Responsibilities
The scope of this role includes but not limited to:
- LLM Models Management: Assist in building and optimizing a management system for large language models, including deployment, scheduling, and monitoring.
- LLM Images Management: Manage container images for Kubernetes, including building, optimizing, and pulling strategies.
- Deployment Management Platform Development: Help develop and maintain an LLM deployment management platform to improve efficiency and stability.

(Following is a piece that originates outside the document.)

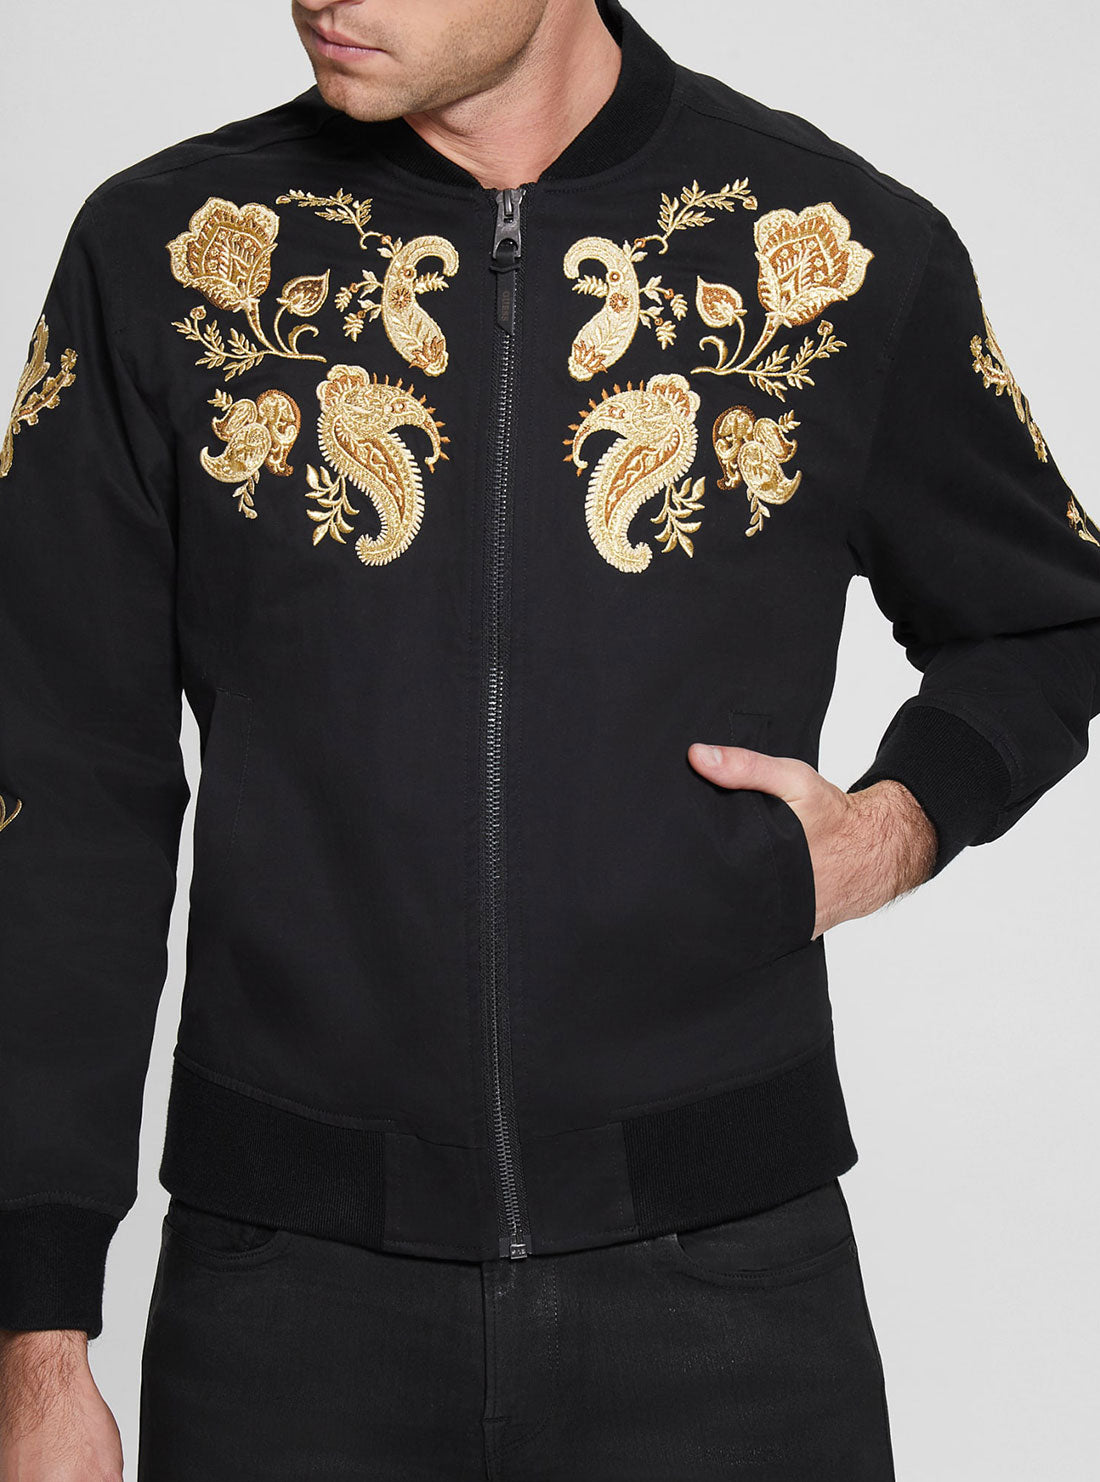 GUESS Men's Black Maxim Embroidered Bomber Jacket M3RL48RDYK0 Detail View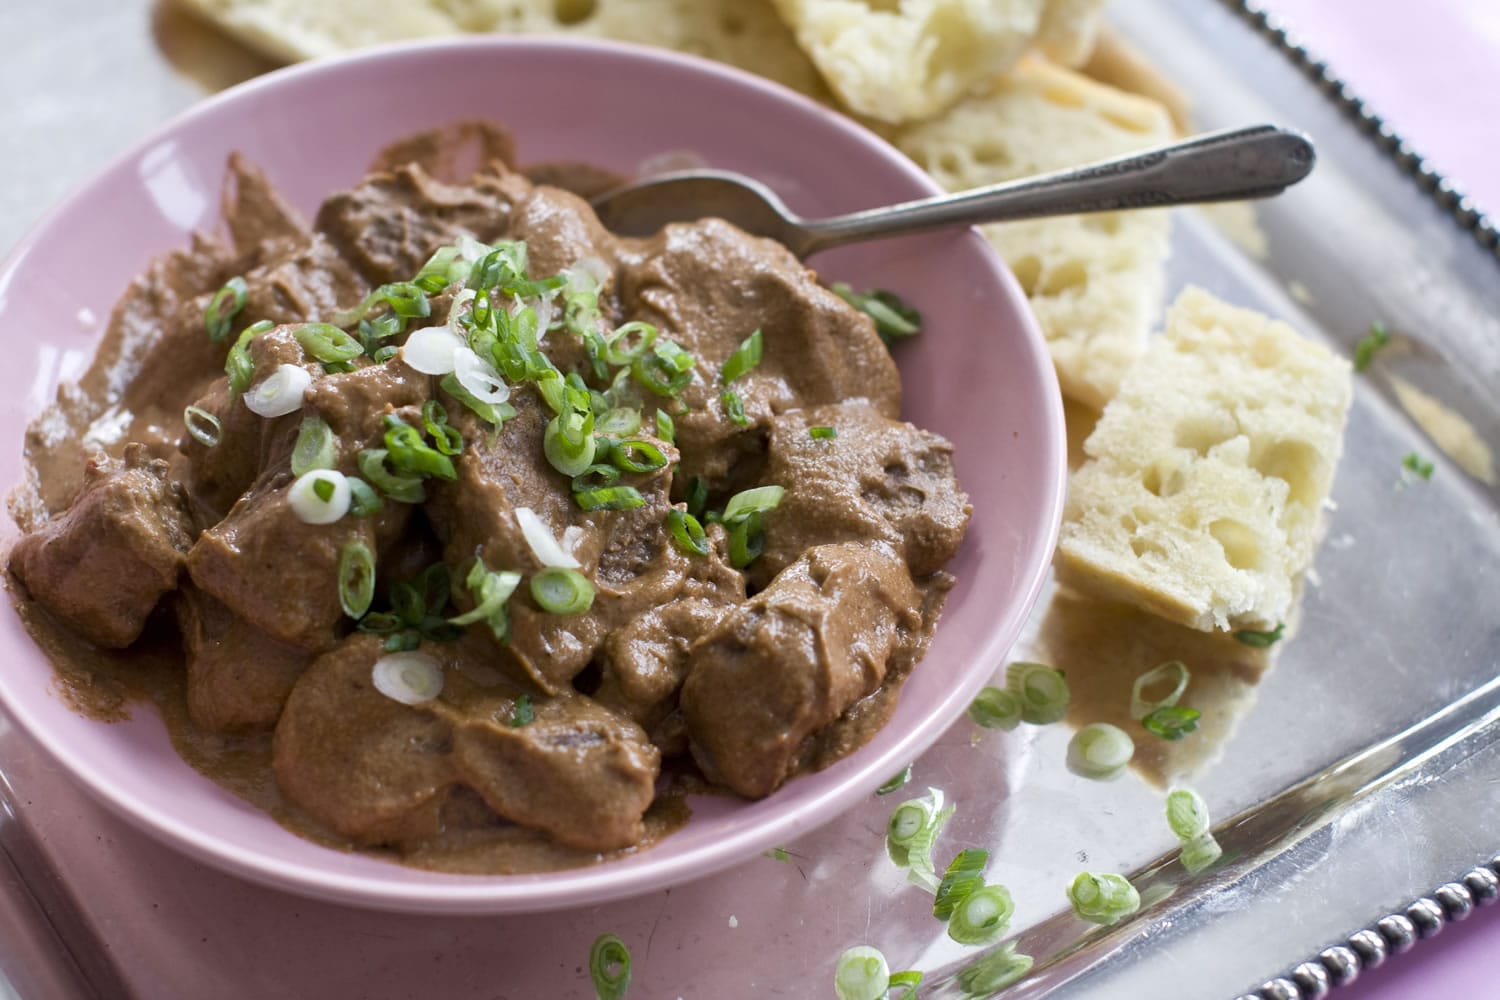 Think a little outside the chocolate box this year with Beef Mole with a Buttery Baguette.

- Automation & Operations: Optimize containerized application workflows to enhance automation and resource utilization.
- Performance Optimization: Analyze and optimize the LLM runtime environment to improve inference efficiency and system stability.
Essential Skills:
- Currently pursuing a degree in Computer Science or a related field (Bachelor's or above; Master’s preferred).
- Proficiency in at least one programming language (Python, Go, or Java); cloud-native development experience is a plus.
- Understanding of deep learning frameworks (e.g., TensorFlow, PyTorch) and LLM-related concepts is preferred.
- Familiarity with Linux and experience with Docker/Kubernetes is a plus.
- Strong engineering skills and teamwork abilities, with a keen interest in AI and cloud-native technologies.
Desirable Skills:
- Experience with LLMs (e.g., DeepSeek, Llama, Qwen, GPT).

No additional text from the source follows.